Some Web Servers Drop Guest Connections (e.g. Twitter)

Some web sites drop connections from the guest, without returning anything (even headers).  This happens with twitter.com when run from

    * VMWare Fusion 2.0.2 on an OS X 10.5.5 host, with bridged networking, from a Windows XP SP3 guest

    * VMWare Player 2.0.5 on a Windows XP SP3 host, with NAT networking, from a Windows XP SP3 guest

This behavior is independent of the tool I use to send the request to the server:

    * I tried fetching http://twitter.com/ from Firefox, and the connection gets dropped before returning data to Firefox.

    * I tried using "wget --user-agent=Mozilla --server-response http://twitter.com/" and it reports "Read error (Connection reset by peer) in headers"

    * I tried using telnet to port 80 at twitter.com, and issuing "GET /" manually, and the host disconnects immediately after I press Enter after the "GET /"

Event Viewer on the Windows guests shows no errors.  Neither guest is running a firewall.  On both hosts, I can fetch the page via all the tools, but in the guest, twitter.com disconnects after receiving the request.

I'm not running a firewall on the OS X host.  There is firewall software on the Windows host, but I told it not to filter connections.  (I can't remove it entirely.  Corporate IT policy.)
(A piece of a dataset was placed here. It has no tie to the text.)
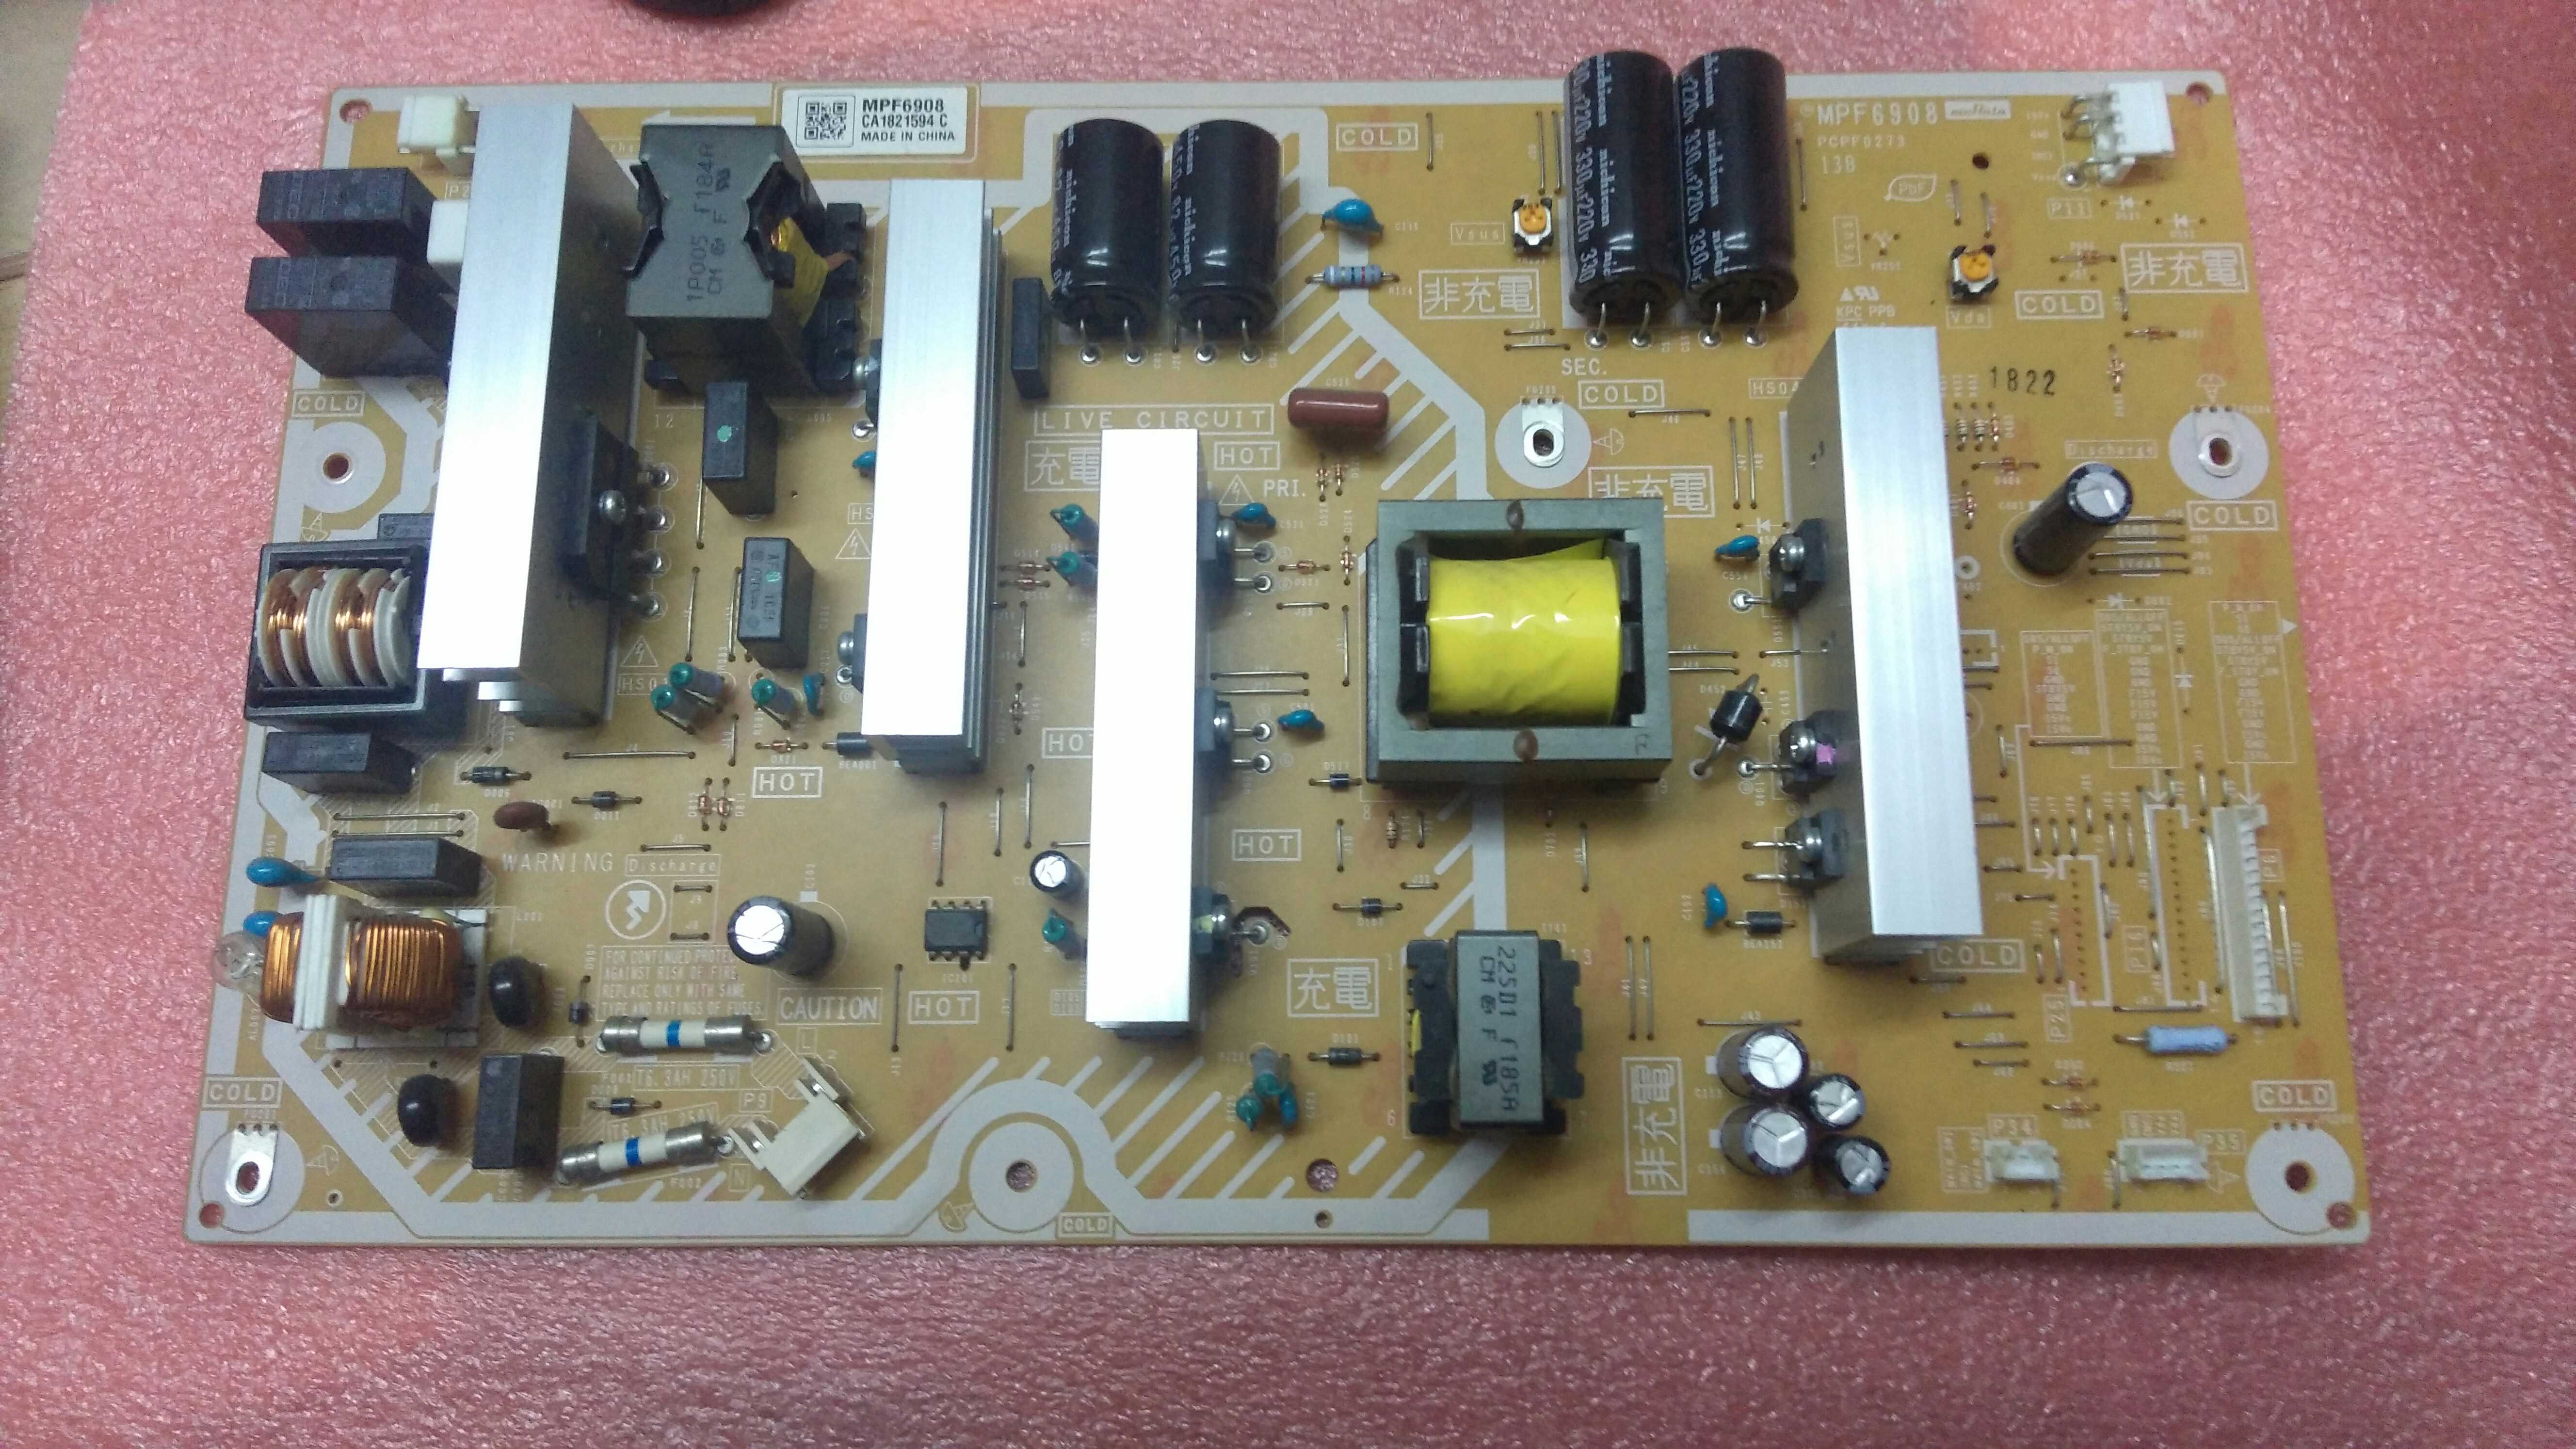 mpf6908 power supply board

What else could I try?  It really looks like some web servers are configured to reject GET requests that match some criteria, and VM guests match that criteria.
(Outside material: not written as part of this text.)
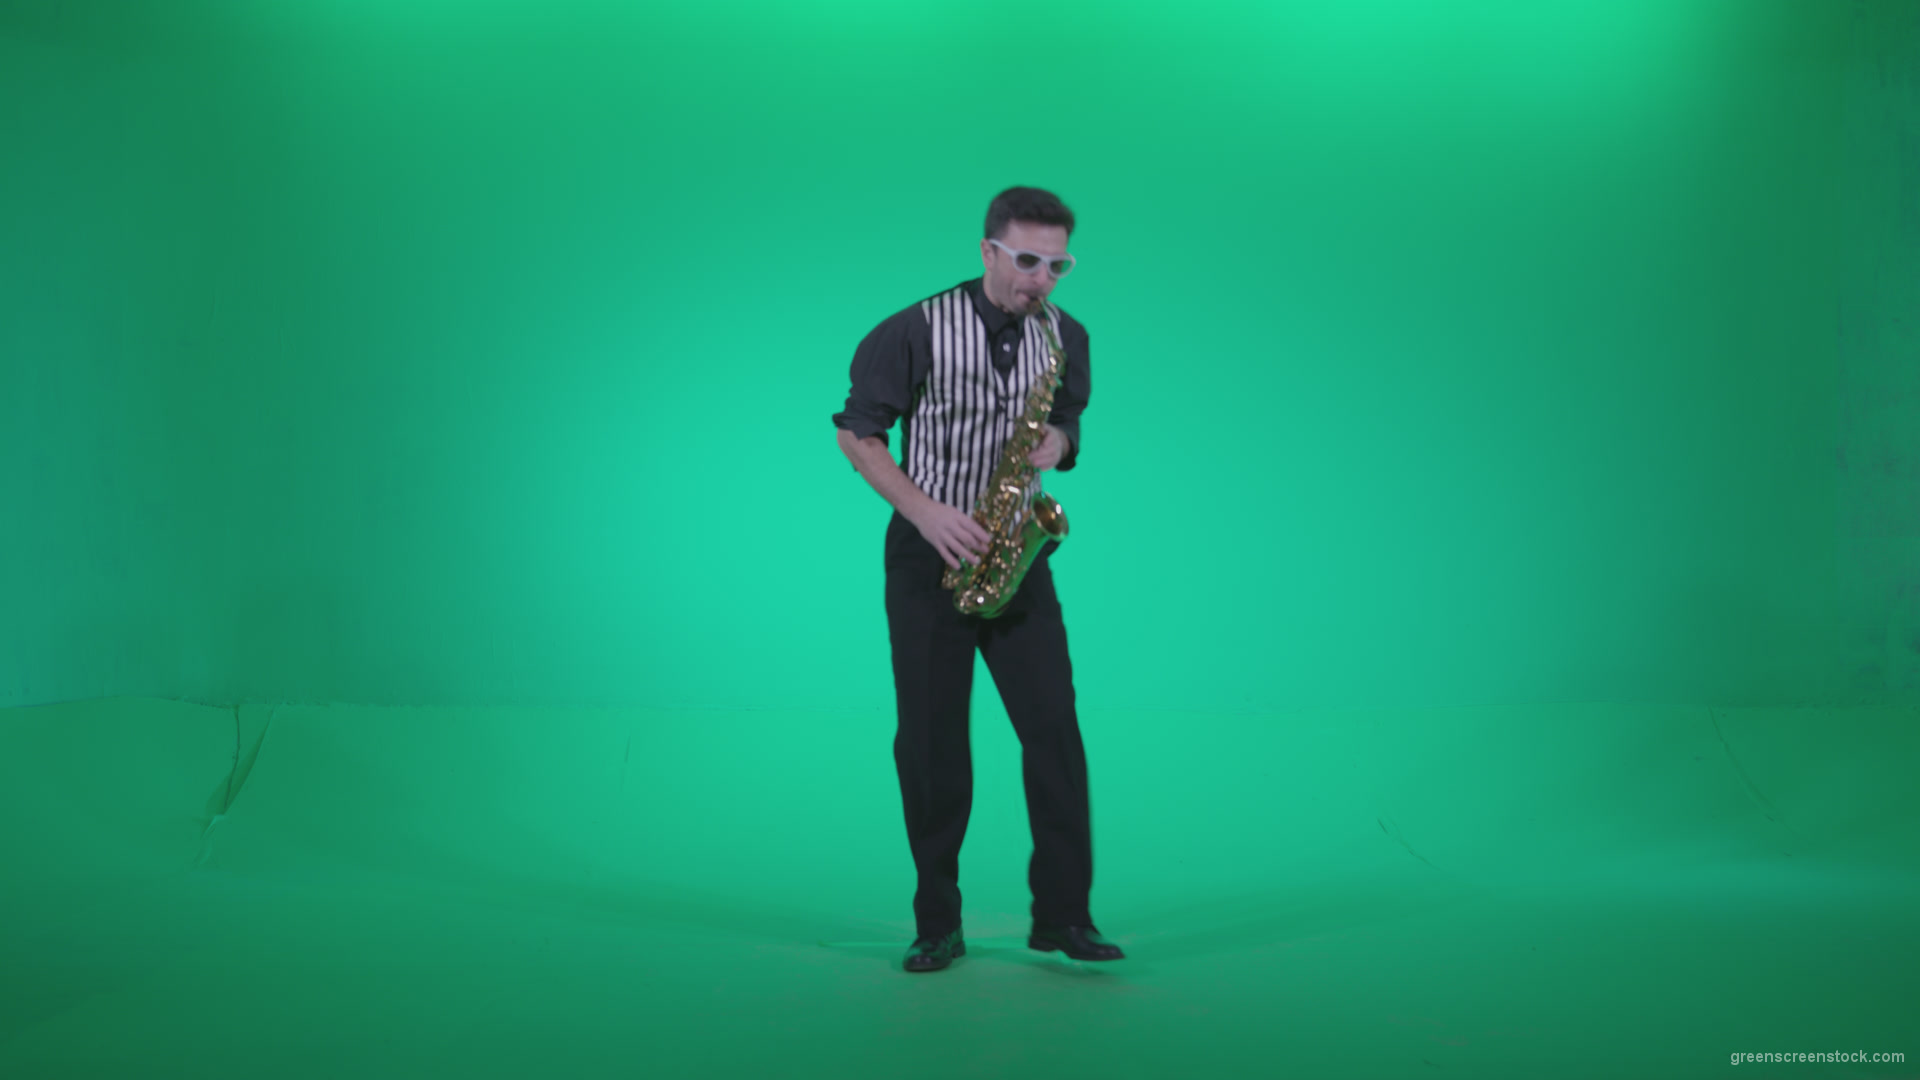 Saxophone-Virtuoso-Performer-s4_007 Green Screen Stock

I'll donate $20 to a charity of your choice if you're the first commenter to come up with a solution.

more data

I know this isn't very helpful, but maybe the additional data points will start the lead to a solution.  Using vmplayer 2.5.2 hosted on ubuntu 8.04 works properly -- i.e. twitter.com loads fine.  (XPsp3 guest)
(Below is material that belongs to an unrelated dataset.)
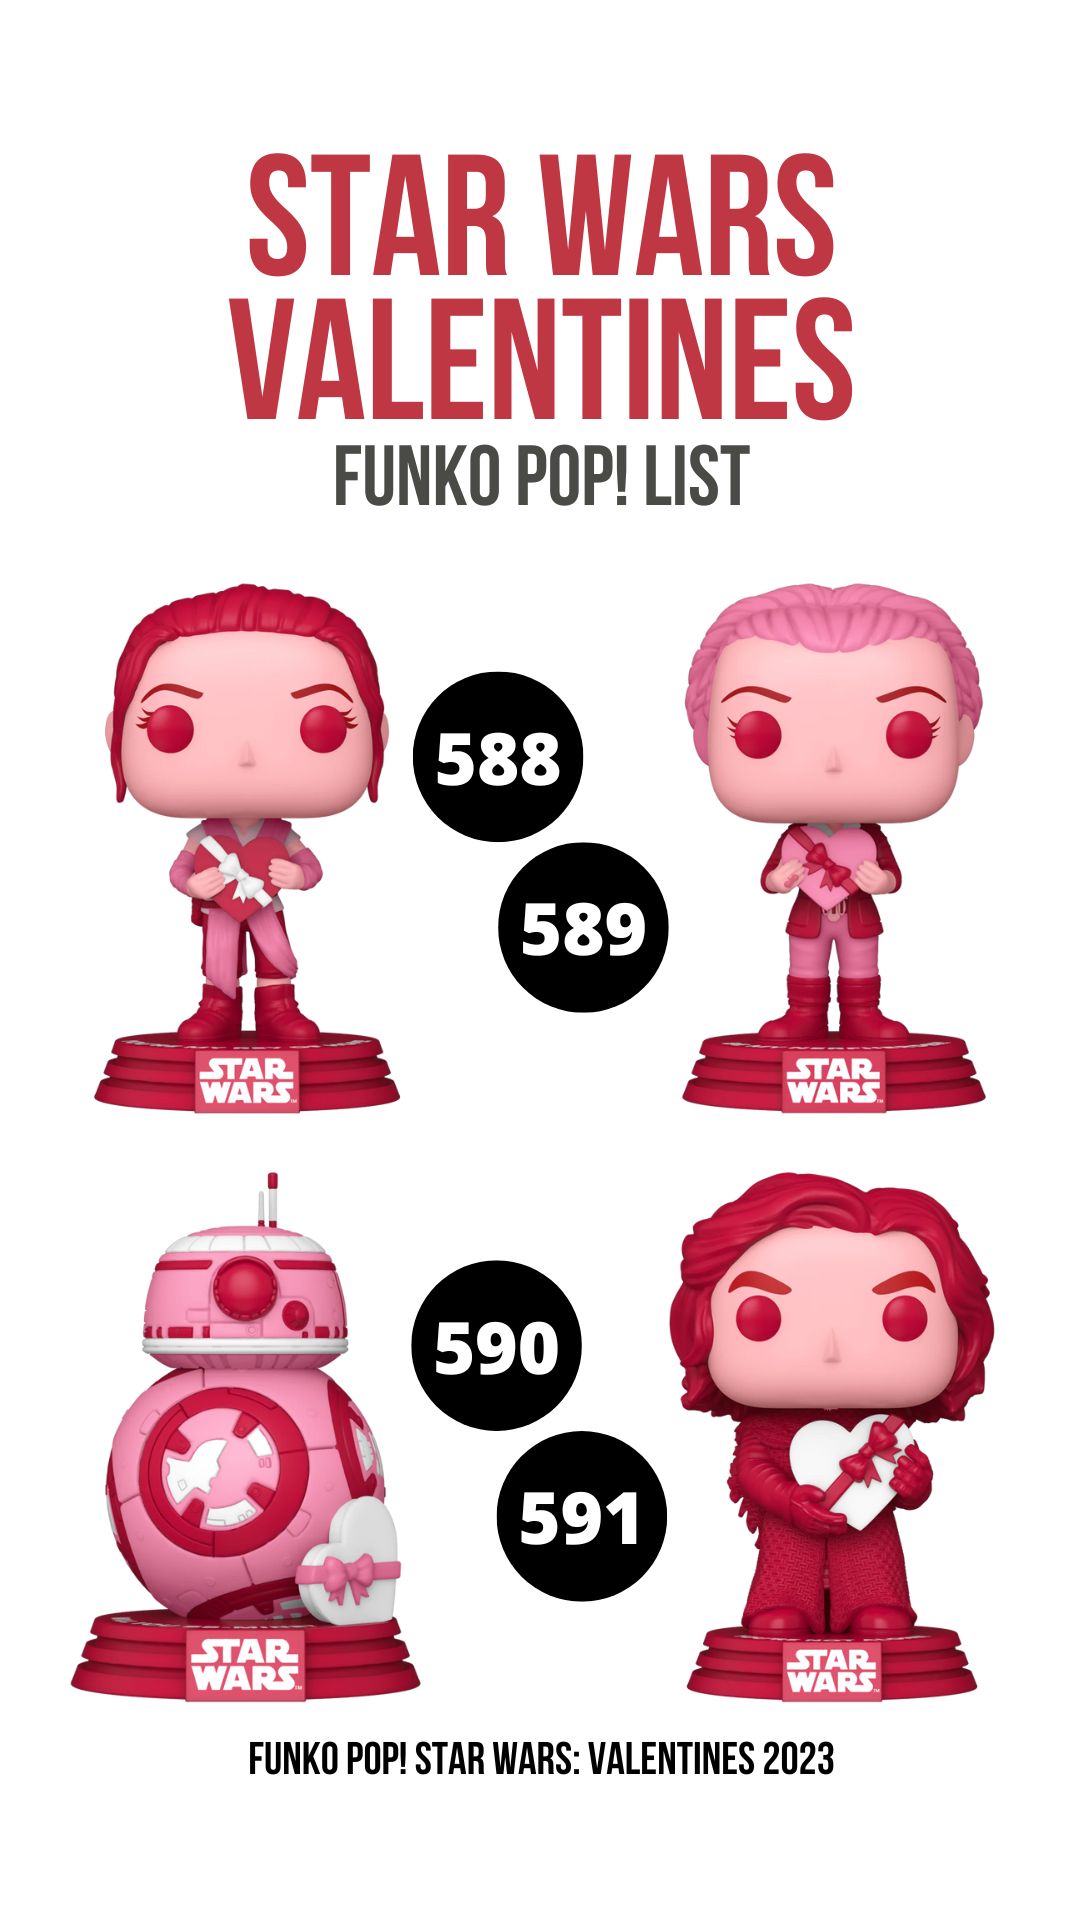 Star Wars Funko Pop Valentines List of Figures 2023

Your symptoms, especially manually entering "GET /" and having the connection drop immediately after the enter actually sounds like the connection is not being established properly.

Perhaps you could use wireshark to capture packets from the guest and determine which party is closing the connection or if there is anything odd in the data compared to a connection from the host.

Agreed

Thanks for commenting.

I agree with your diagnosis.  It does sound like the TCP session is not fully established.  Given that it works with an Ubuntu host but not a Windows host, I'm thinking that something isn't quite right on the packet header when it passes through the Windows host.

Capturing and analyzing packets is probably what it will take to solve the problem, but that's not something I can do off the top of my head, and I can't invest that much time right now.  Maybe someday...

It is most peculiar that it only affects SOME web sites.  My guess is that it fails on web sites where there's a load balancer or a reverse proxy that is configured to require strict RFC adherence, in an attempt to secure against attacks of some sort.